There were some limitations for the samples of miRNA expression used in this study, although our sample size (n = 105) did provide insights into AD-related factors. For example, only one person was educated and suffered from AD, only two AD patients have leisure activity, while no NCs suffered from depression (Table 1, Supplemental Table 1), these limitations indicate a scope for further study in this area. Moreover, although the validated targets of specific miRNA were predicted in this study, transcriptome or proteome would be used for validation and more information in our further research. Nevertheless, because of its novelty, there is no relative cohort from public database to validate our results. To another validated group from hospital needs quite a long time to collect enough sample size, but still another validated cohortshould be used for further validation for the specifically expressed miRNA and verifying the potential biomarkers for the AD-related lifestyle factors in the future.
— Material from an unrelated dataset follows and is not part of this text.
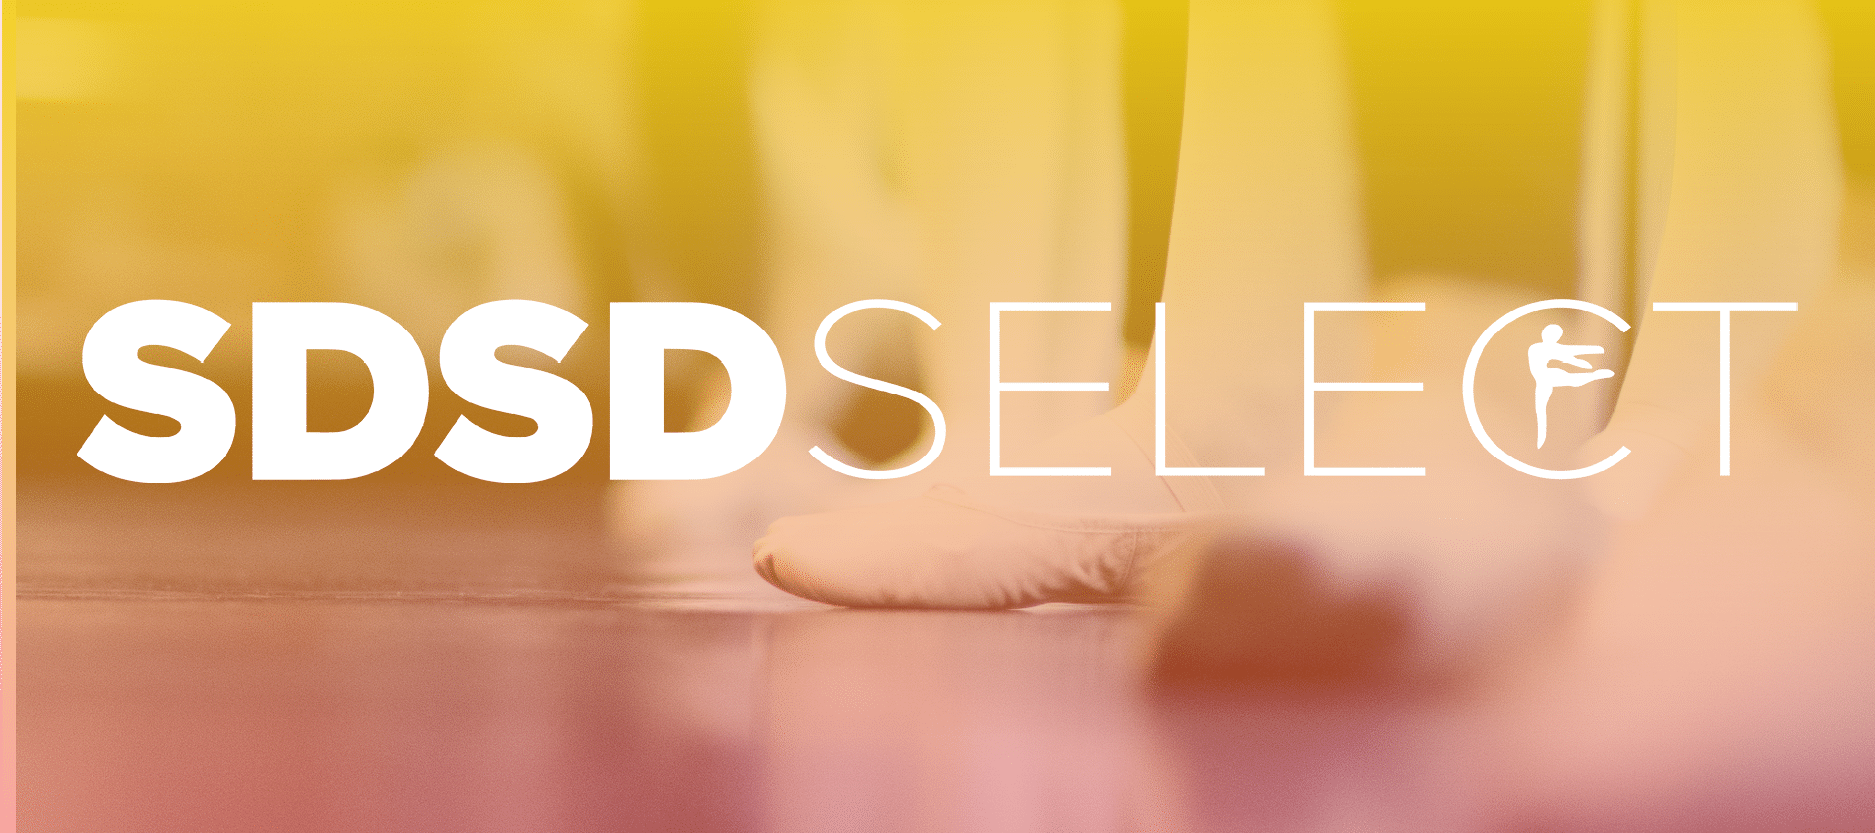 SDSD Crew Logo over ballet dancer's feet
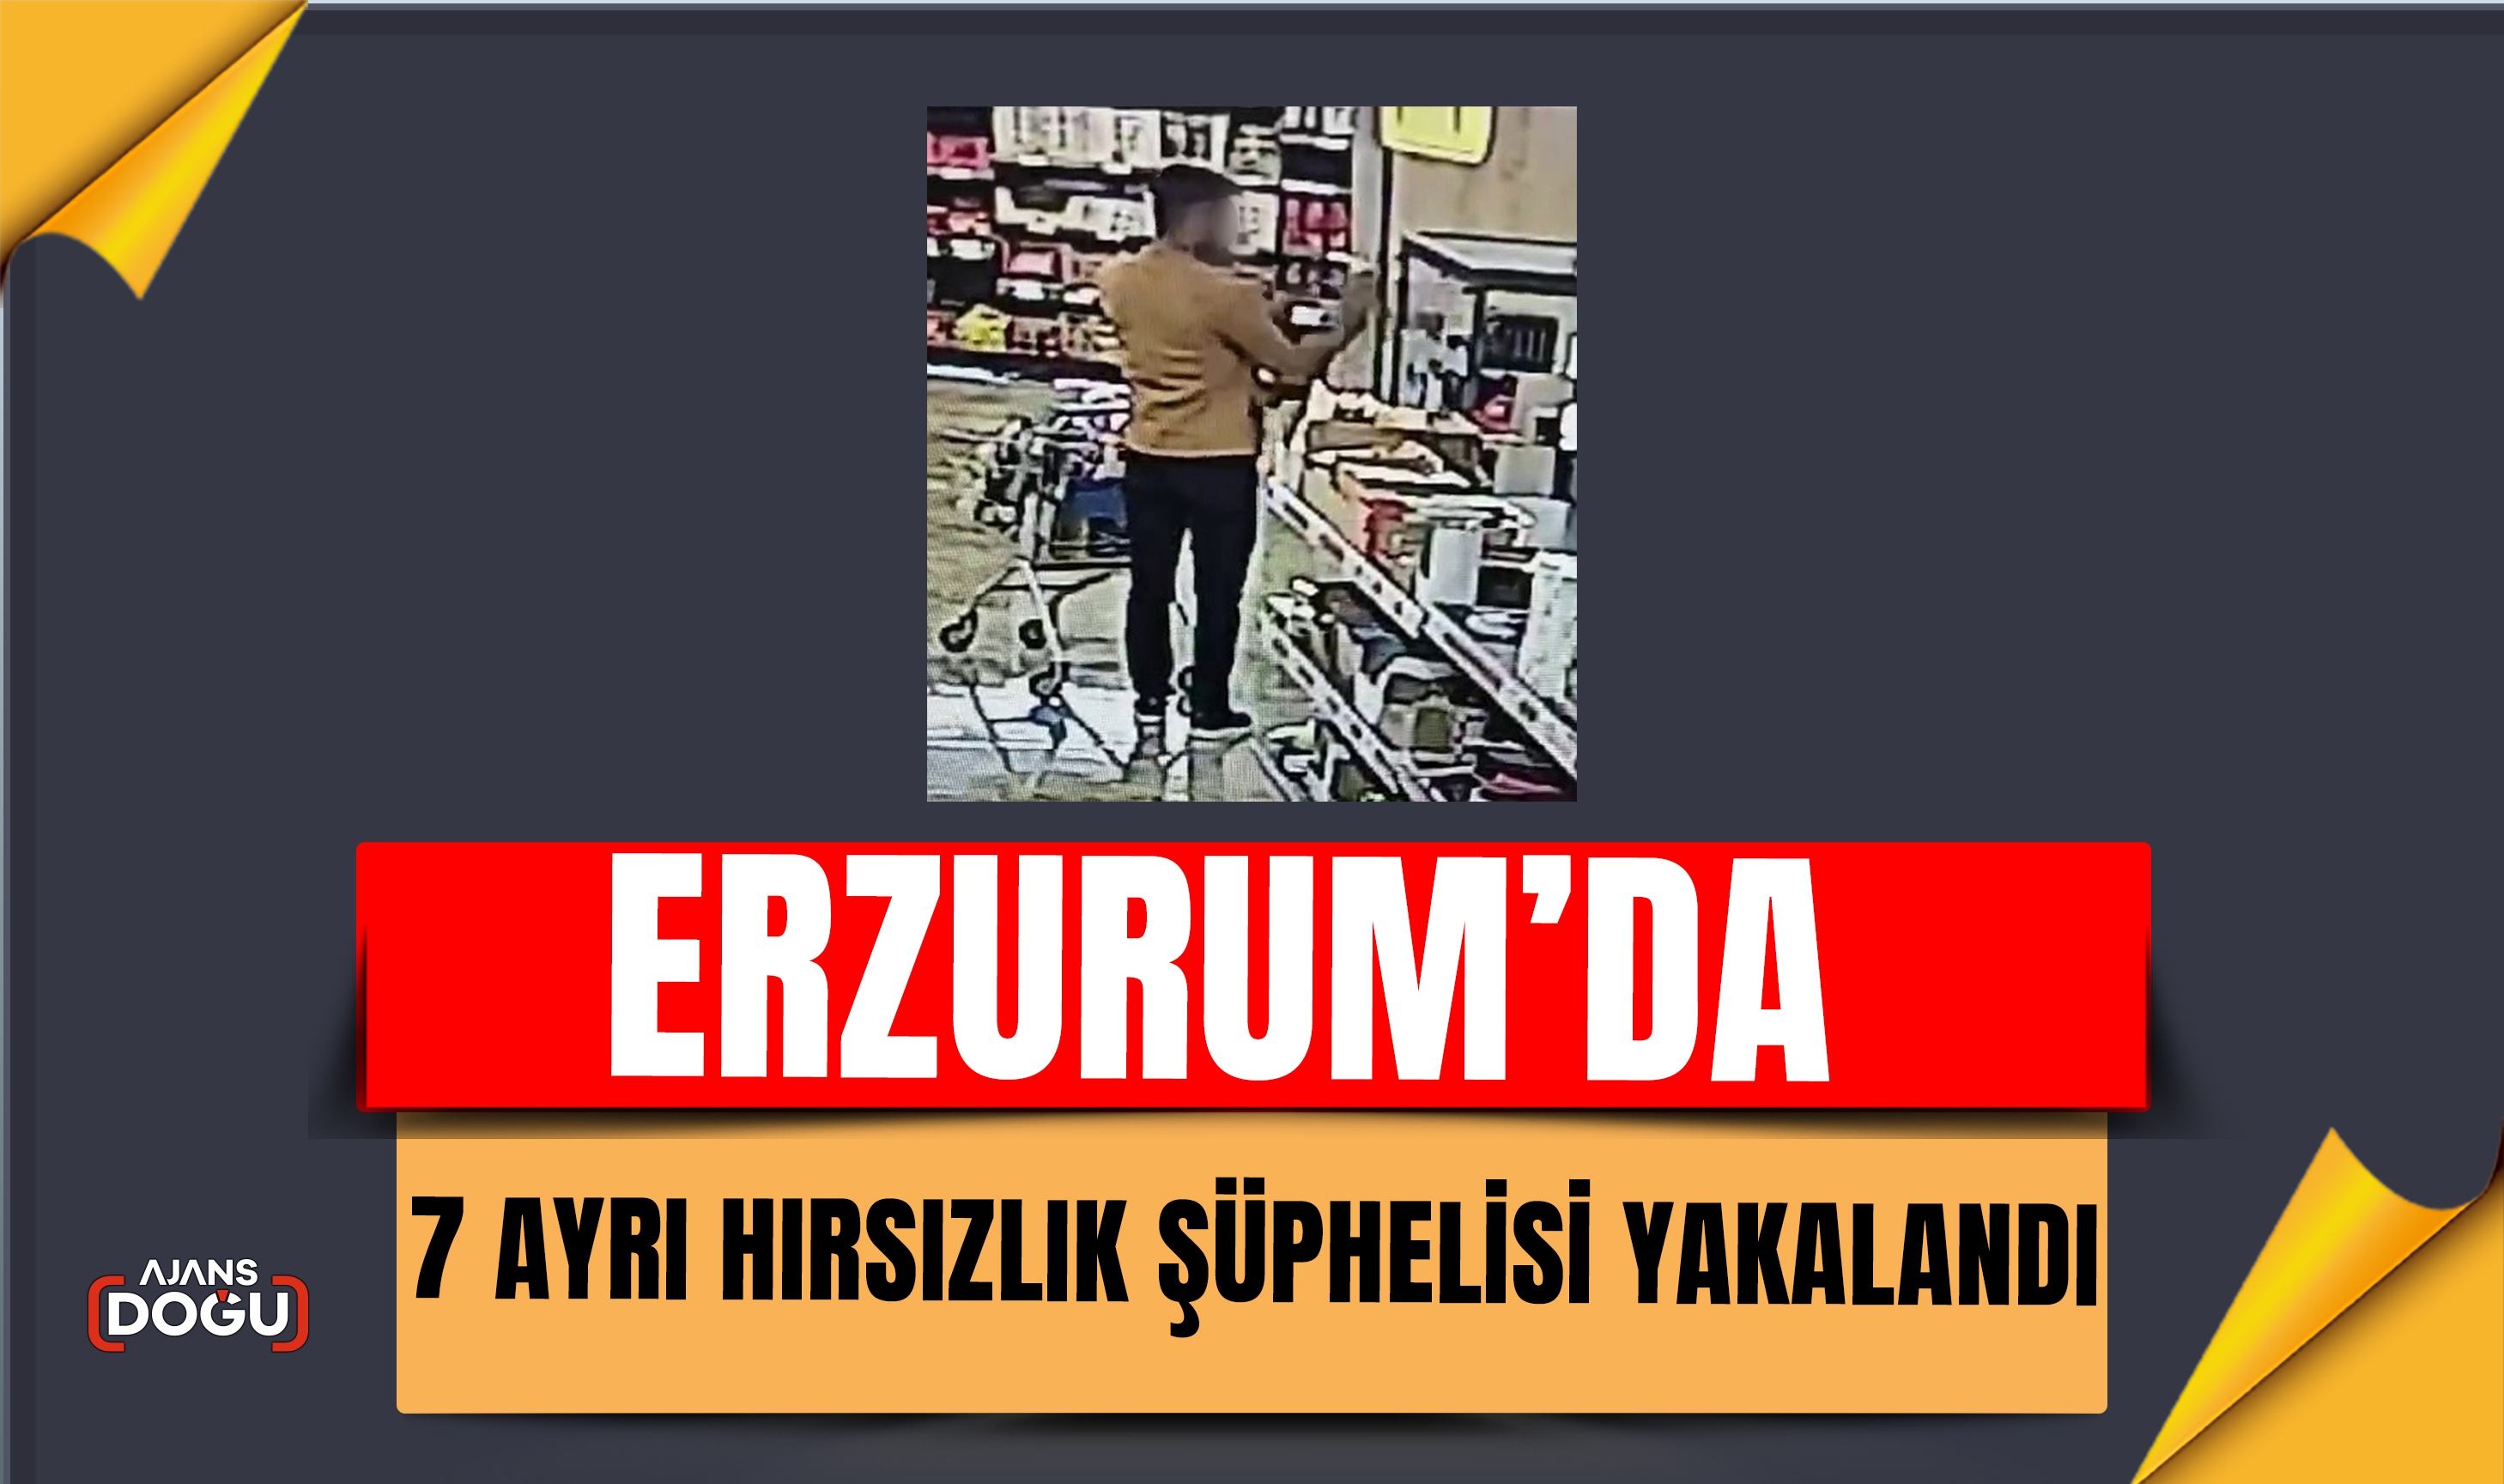 Erzurum'da 7 ayrı hırsızlık şüphelisi yakalandı

Thus, our next step is to search for cooperation from hospital and aging community and try to build a cohort with a relatively big sample size including more AD patients with education or with leisure activity. After gaining consistent data, we can focus on significant miRNAs’ function on AD-relative lifestyle factors and try to validate in animal model such as mouse and primates.

Conclusion

In this study, we first reported AD and education/depression-related miRNAs. Specific expressed miRNAs were reported to be correlated with AD-related factors, such as hsa-miR-185-5p, hsa-miR-20a-5p, hsa-miR-181c-5p, and hsa-miR-497-5p. Besides, the predicted targets of these miRNAs were indicated to take part in Aβ generation and clearance, cognitive decline, and progression of AD. These findings provided clues of AD preventive interventions in Chinese people.